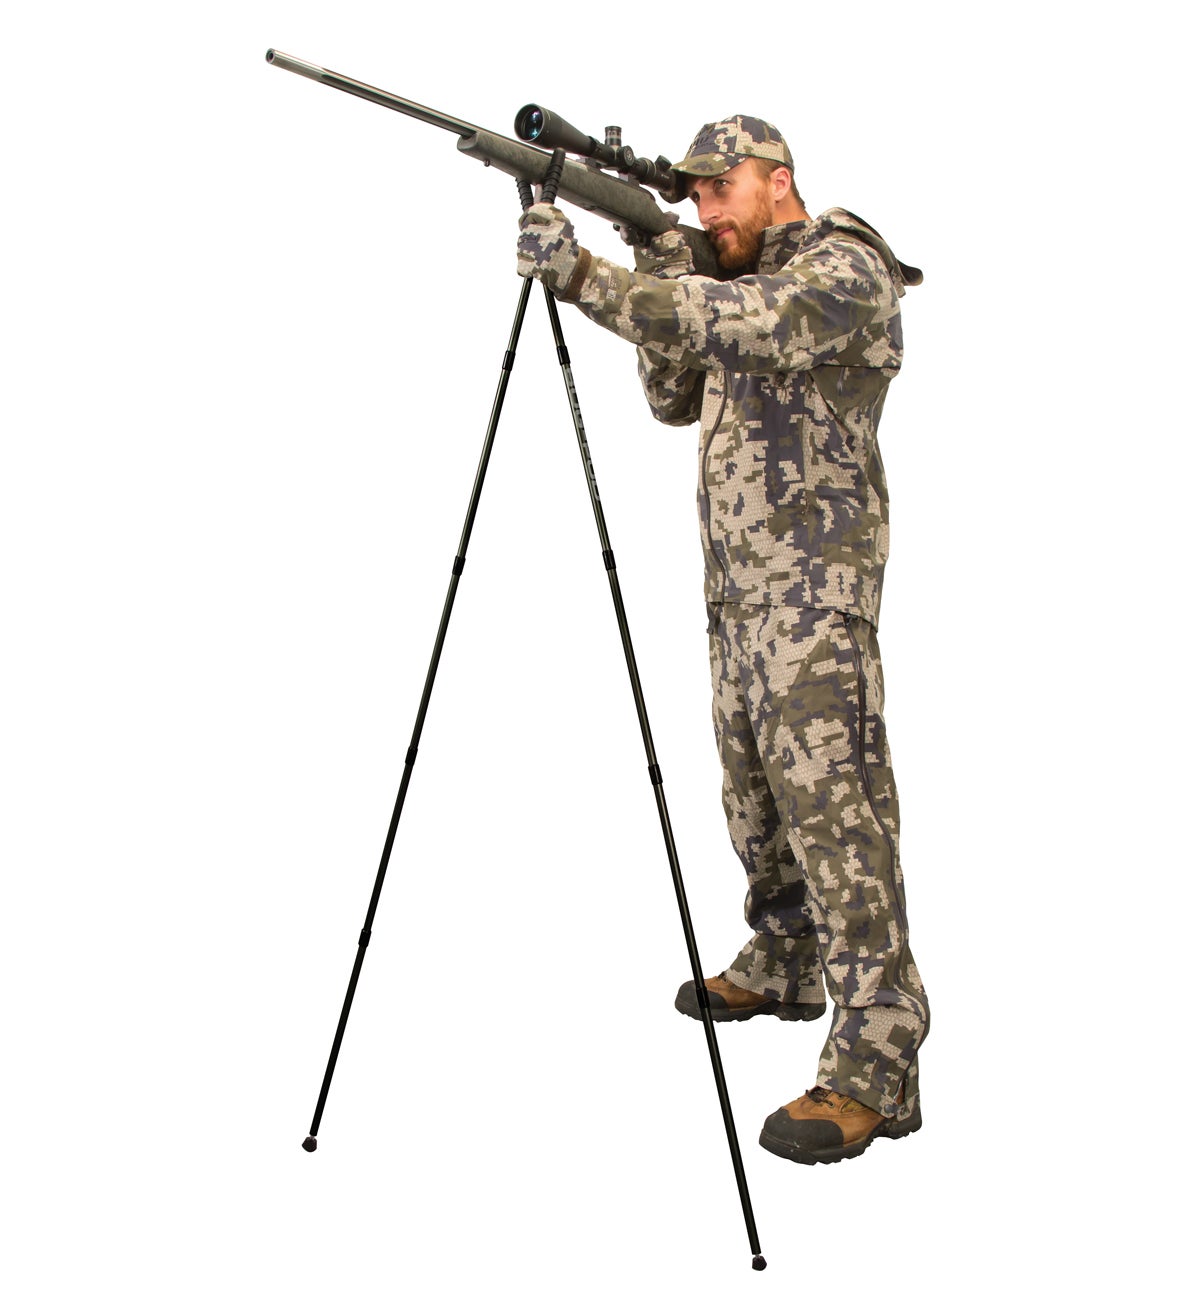 AllOutdoor’s 12 Days of Christmas Day 10: Shooting Sticks and Tripods
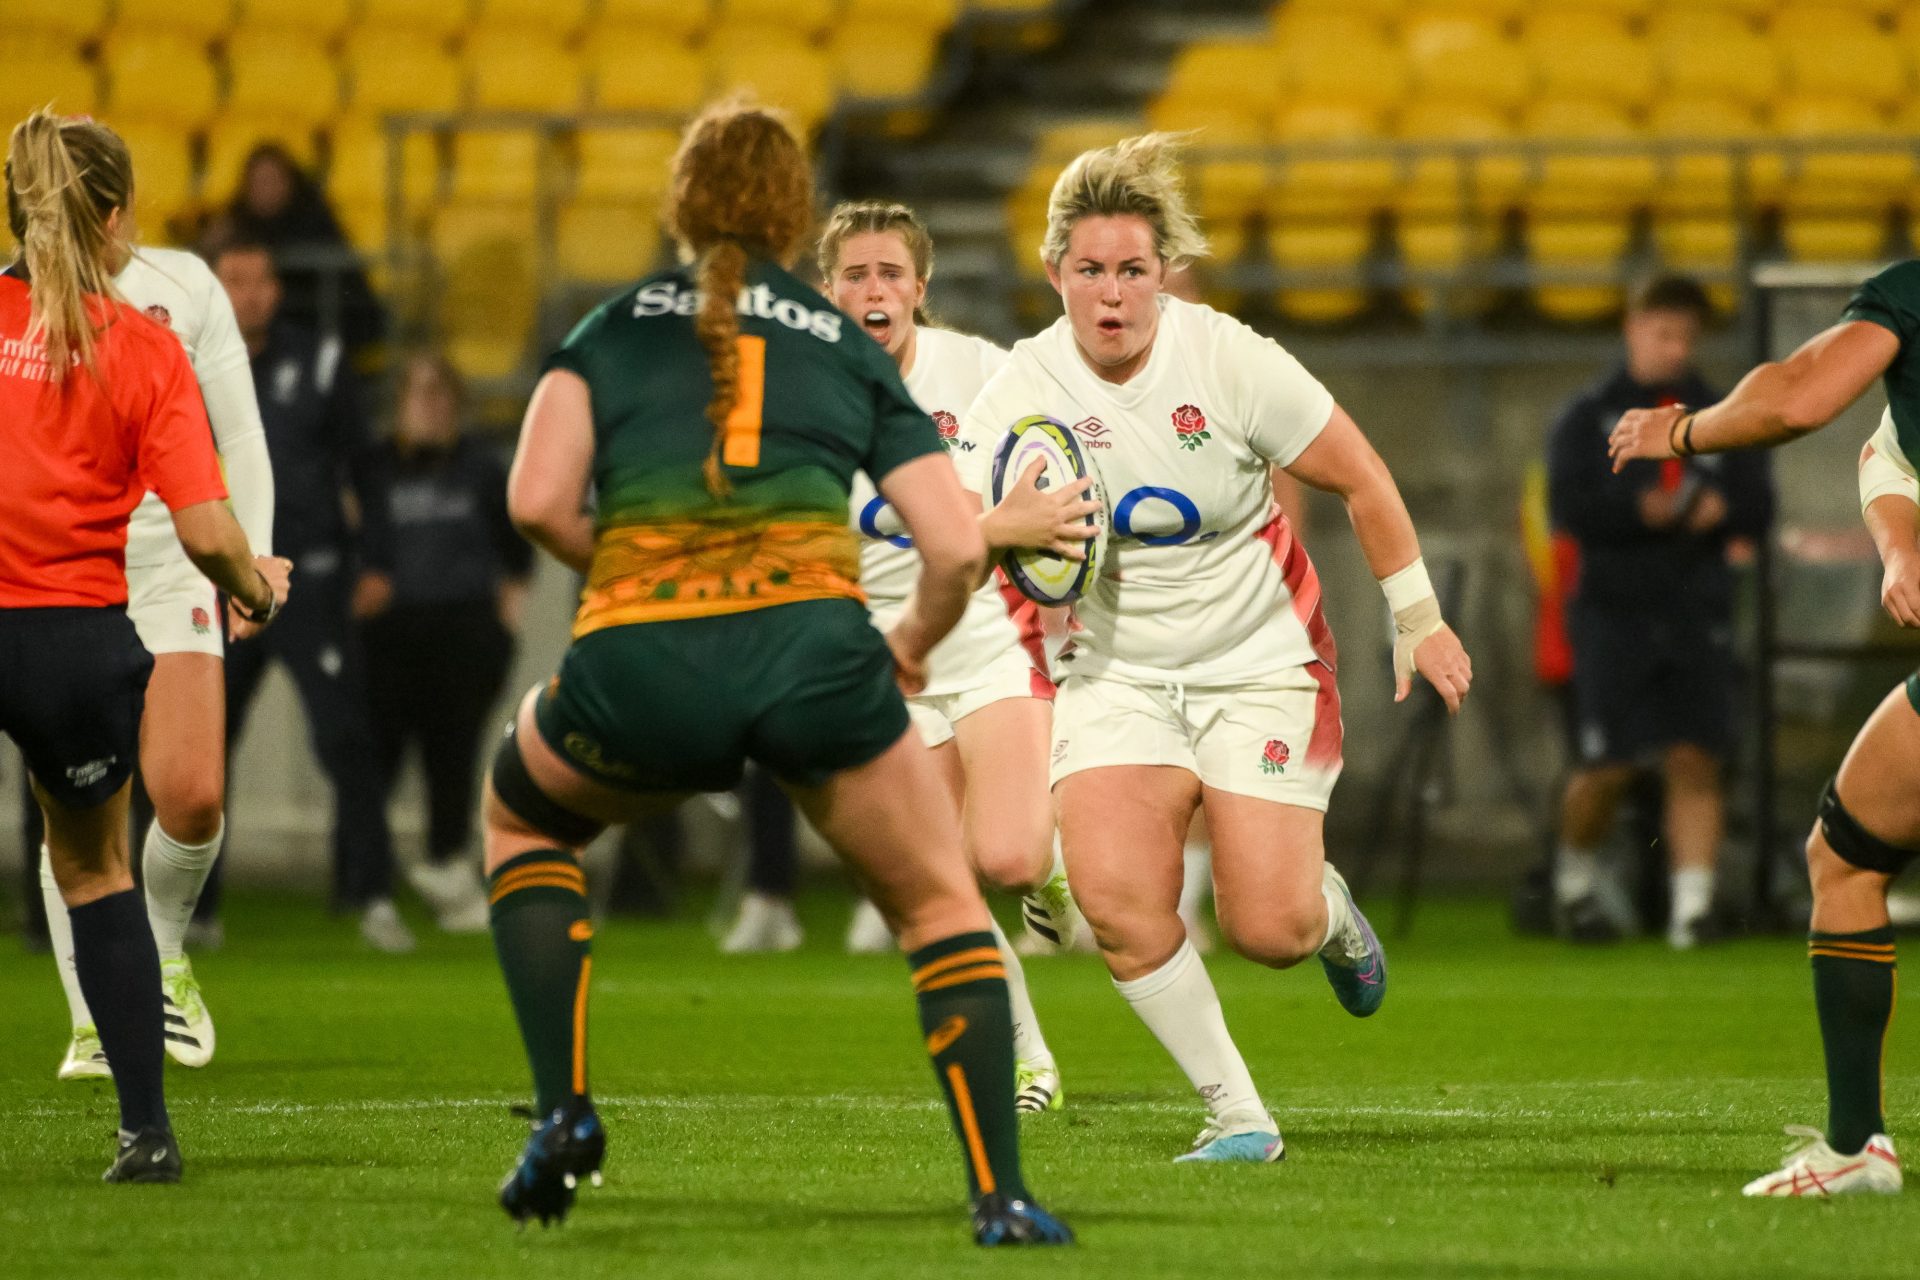 England have set their sights on defending their WXV 1 title in Canada
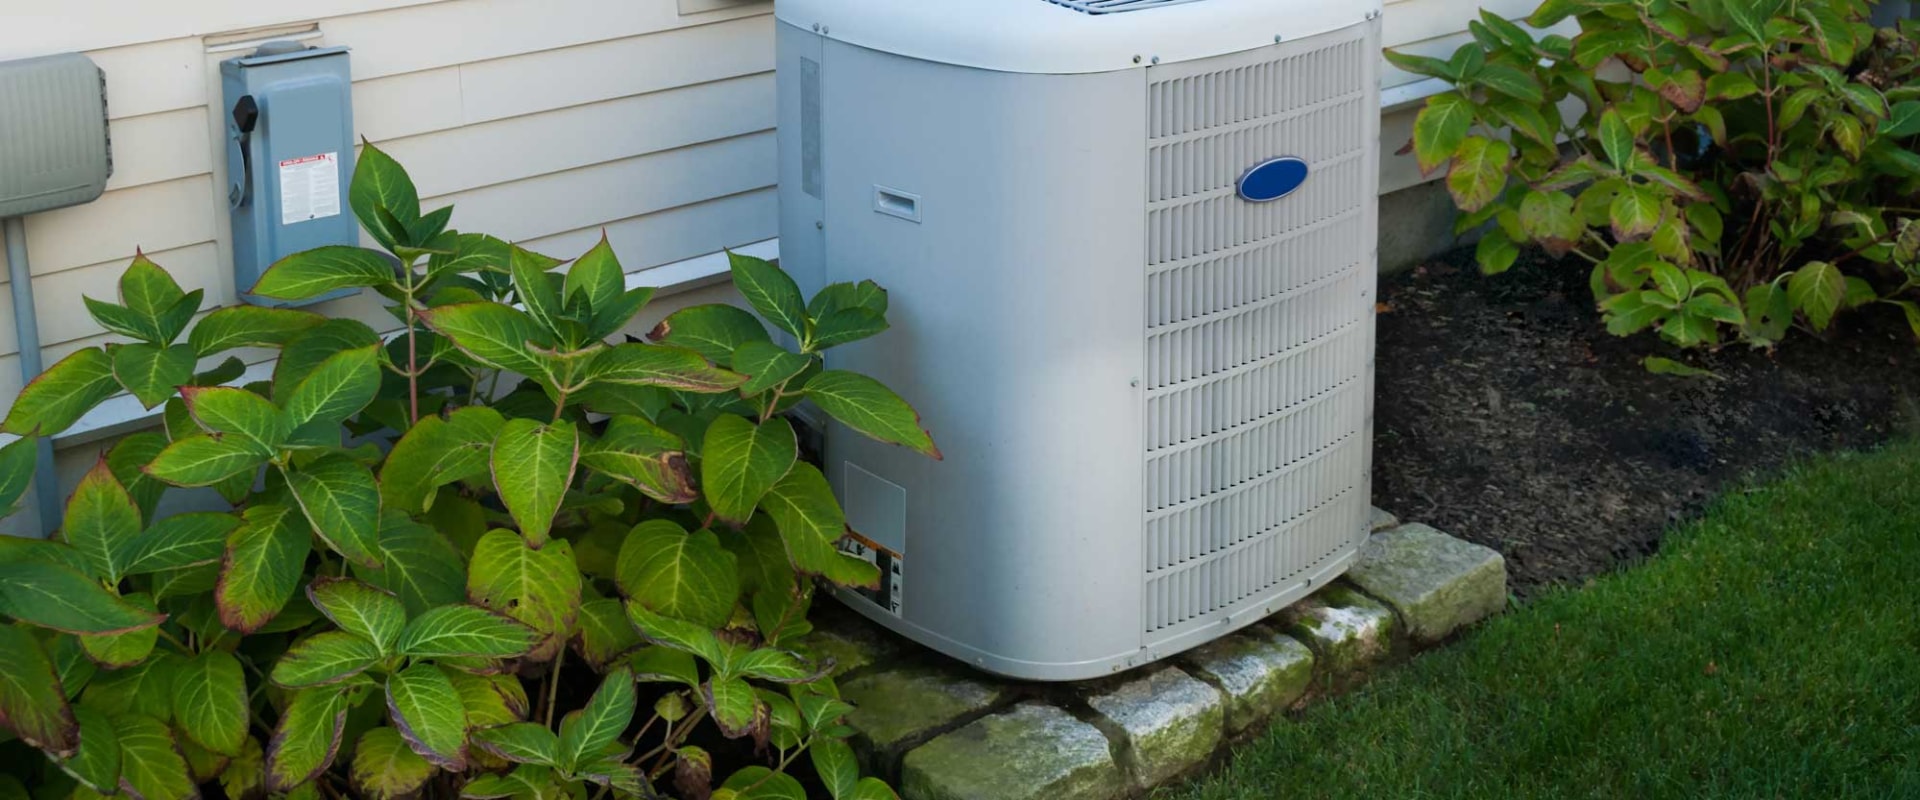 Should You Repair or Replace Your Air Conditioner?

§ **Requirement**
Go through the data and return every word of it verbatim, leaving out the pictures.

§ **Expected answer**
 AllOutdoor’s 12 Days of Christmas Day 10: Shooting Sticks and Tripods
 England have set their sights on defending their WXV 1 title in Canada
 Should You Repair or Replace Your Air Conditioner?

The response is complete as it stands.